Work order
Could you write out, exactly as they stand, only the lines in the listing below from the line with "table shown below." to the line with "Lotus Herbals Sustainable", both ends included, without the pictures?

Task inputs

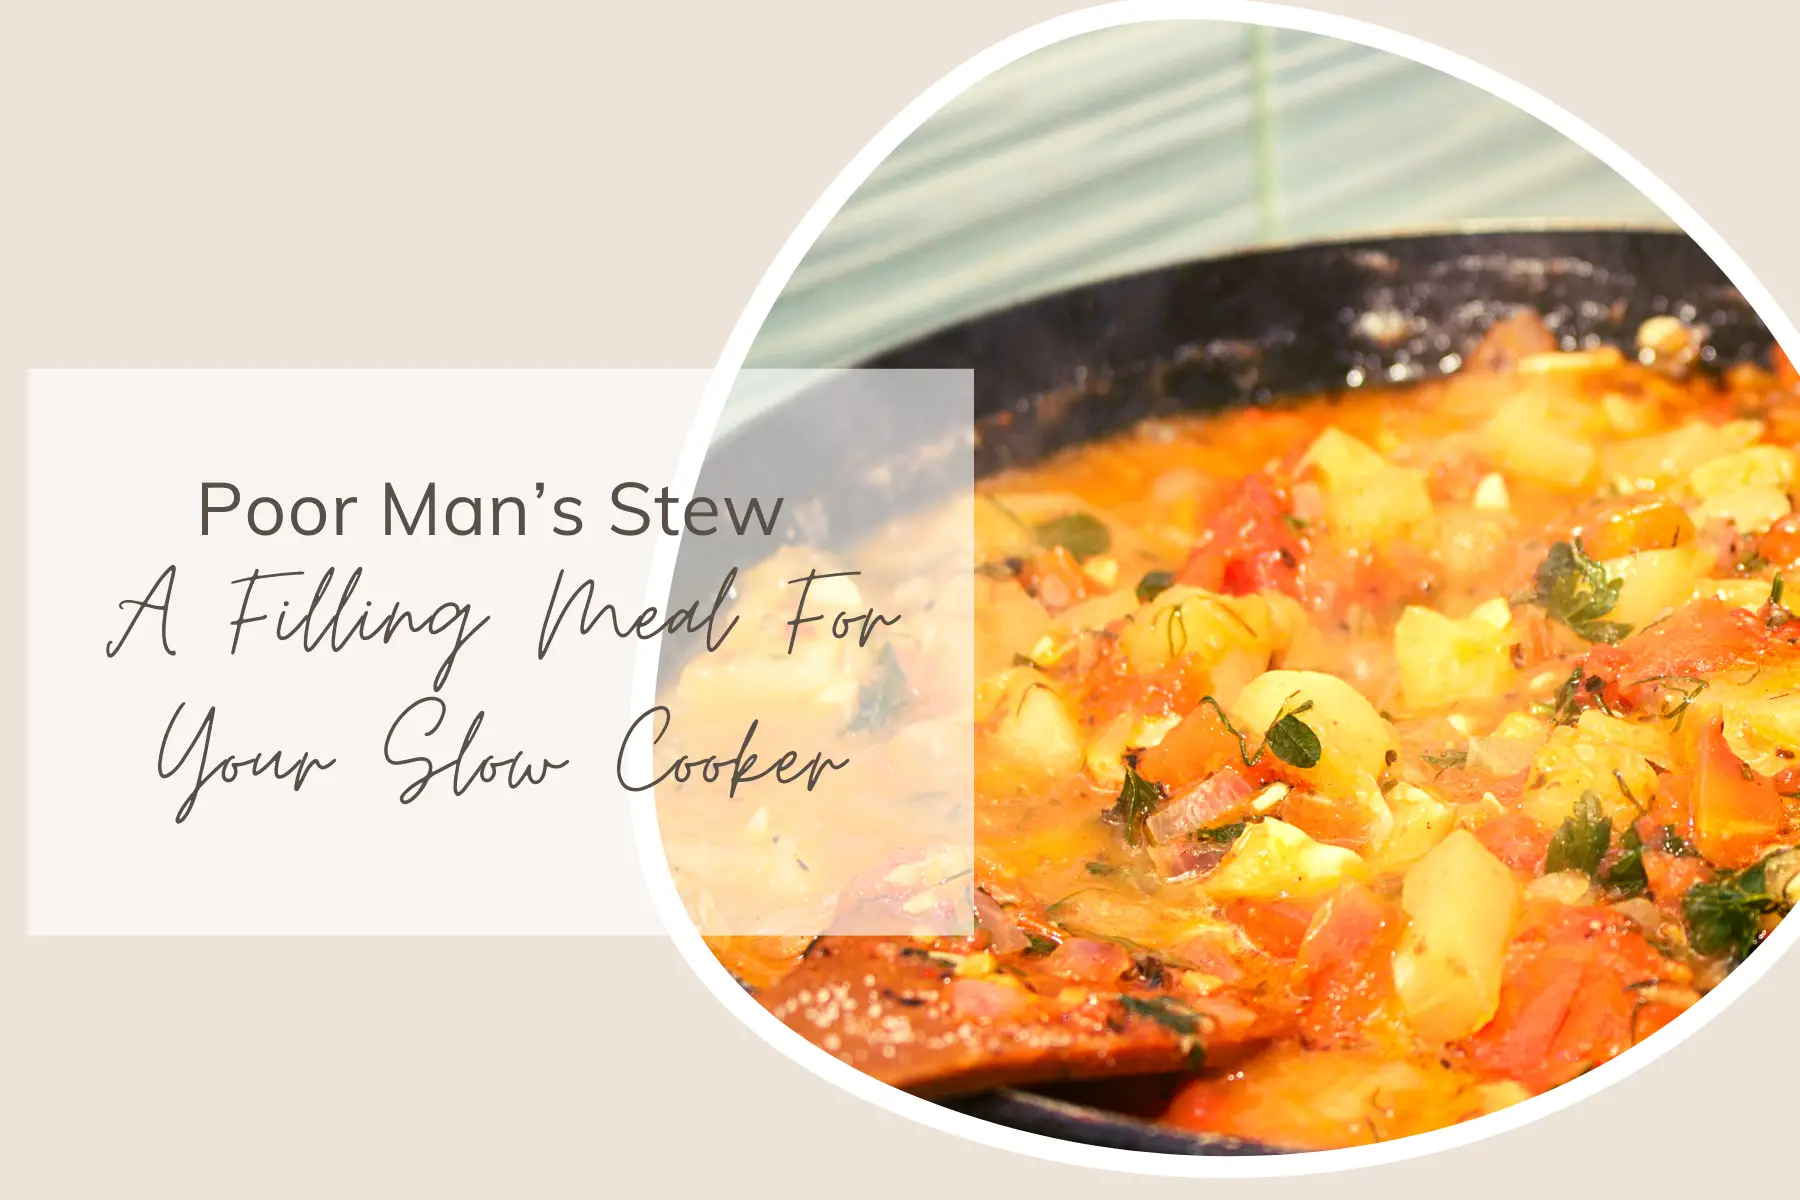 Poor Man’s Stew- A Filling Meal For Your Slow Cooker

...

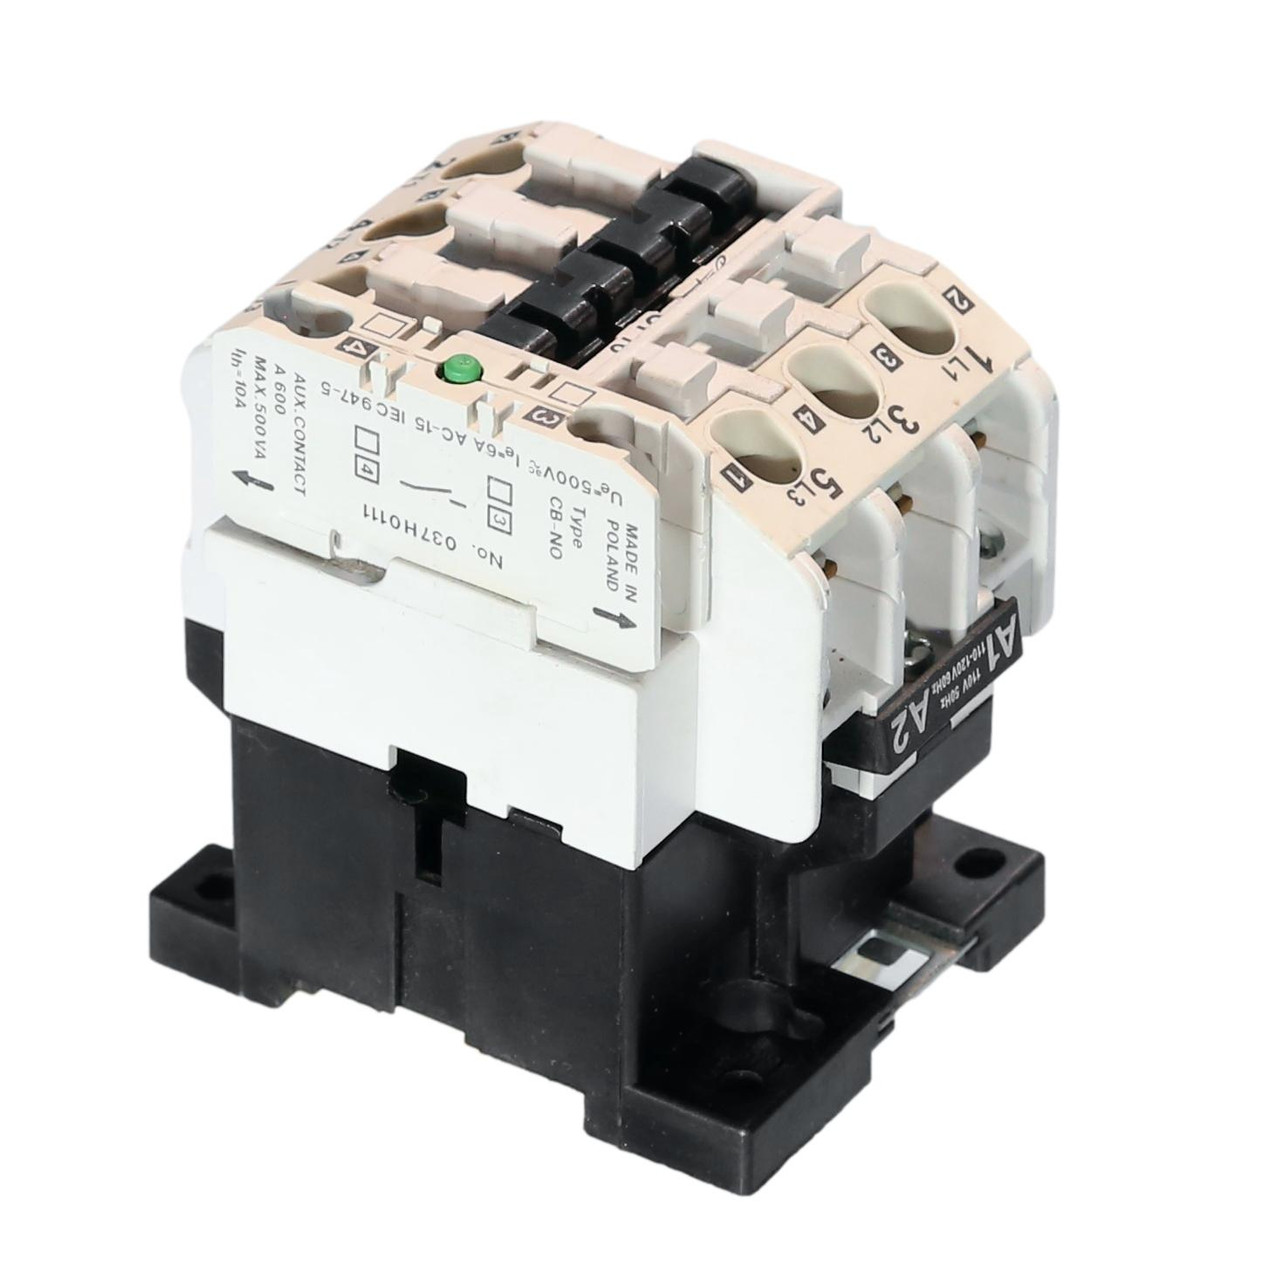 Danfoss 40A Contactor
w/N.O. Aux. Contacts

--

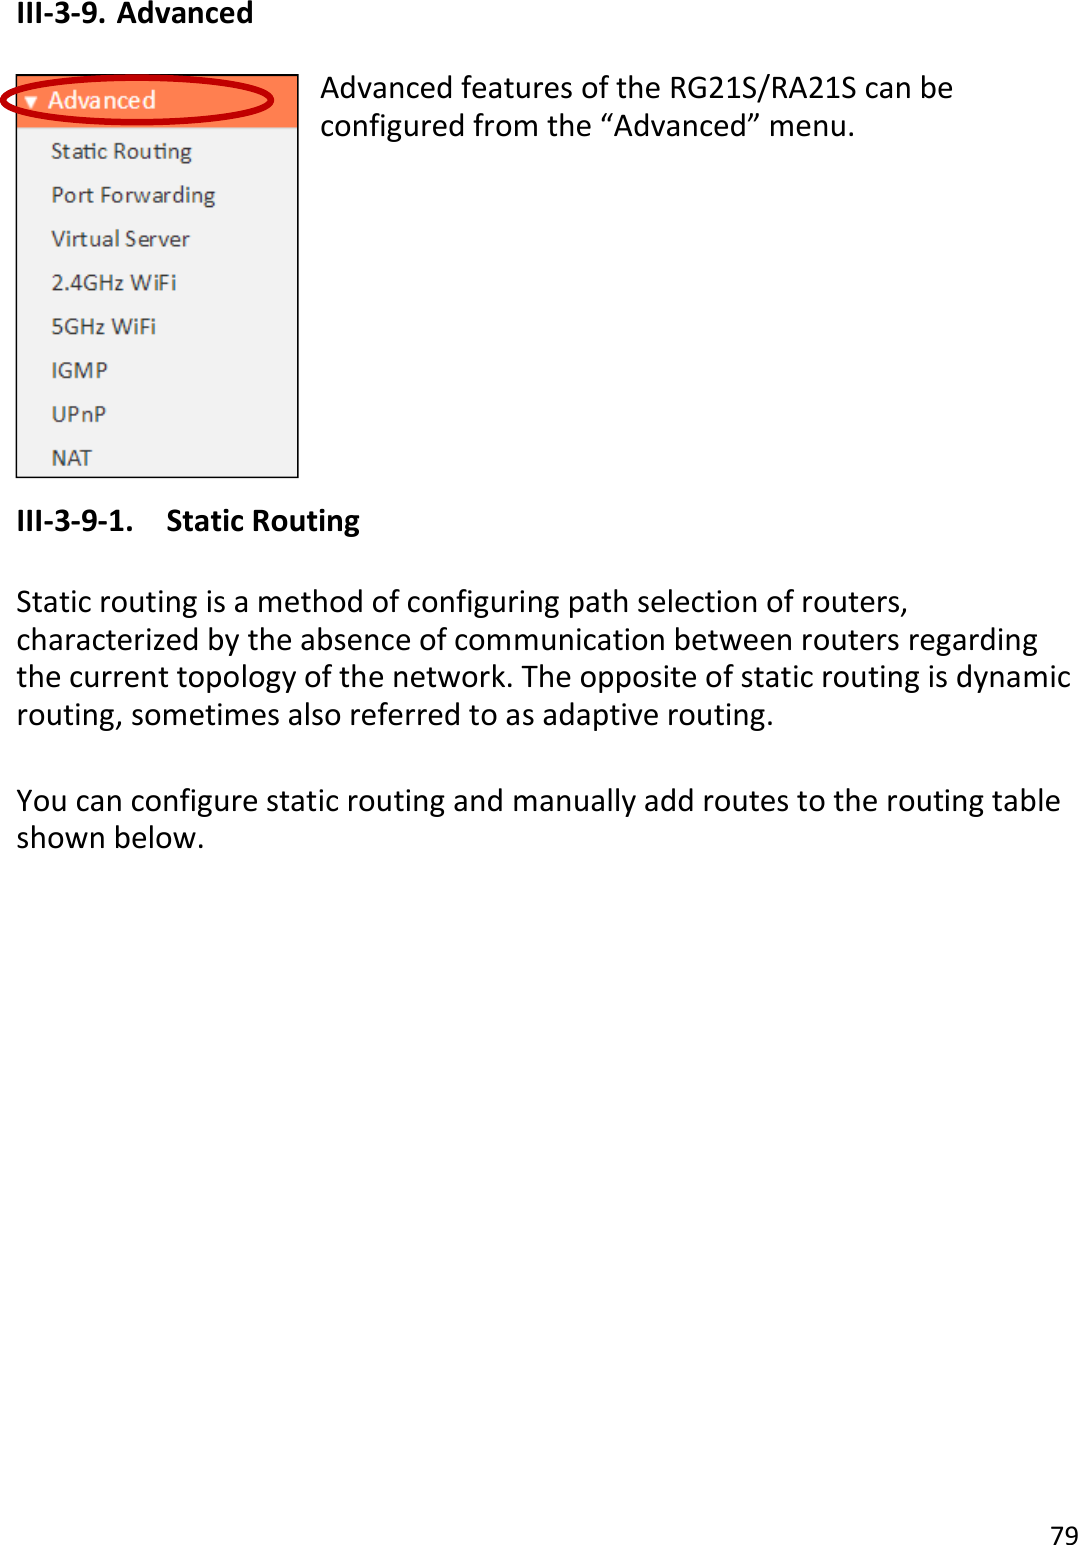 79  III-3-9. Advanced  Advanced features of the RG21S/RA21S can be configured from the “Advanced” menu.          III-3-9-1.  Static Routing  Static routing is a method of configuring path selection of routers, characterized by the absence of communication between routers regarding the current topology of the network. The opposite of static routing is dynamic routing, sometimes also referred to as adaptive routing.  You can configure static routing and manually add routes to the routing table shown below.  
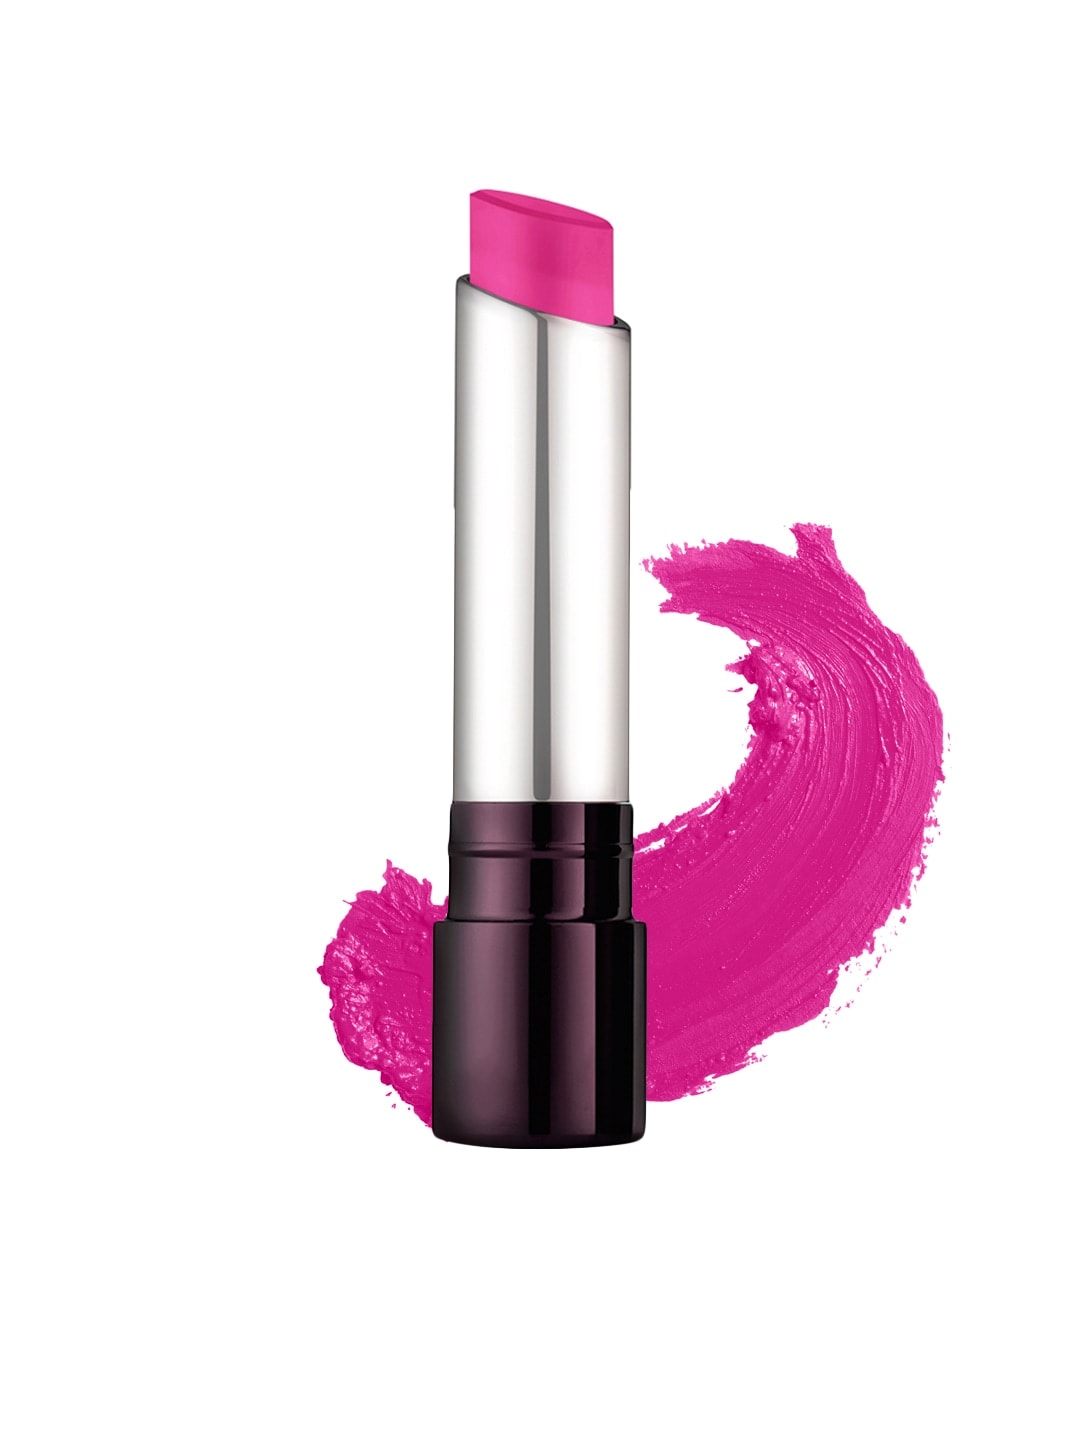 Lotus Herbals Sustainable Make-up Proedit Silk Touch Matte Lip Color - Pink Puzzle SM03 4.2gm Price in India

Response to the task
 79  III-3-9. Advanced  Advanced features of the RG21S/RA21S can be configured from the “Advanced” menu.          III-3-9-1.  Static Routing  Static routing is a method of configuring path selection of routers, characterized by the absence of communication between routers regarding the current topology of the network. The opposite of static routing is dynamic routing, sometimes also referred to as adaptive routing.  You can configure static routing and manually add routes to the routing table shown below.  
 Lotus Herbals Sustainable Make-up Proedit Silk Touch Matte Lip Color - Pink Puzzle SM03 4.2gm Price in India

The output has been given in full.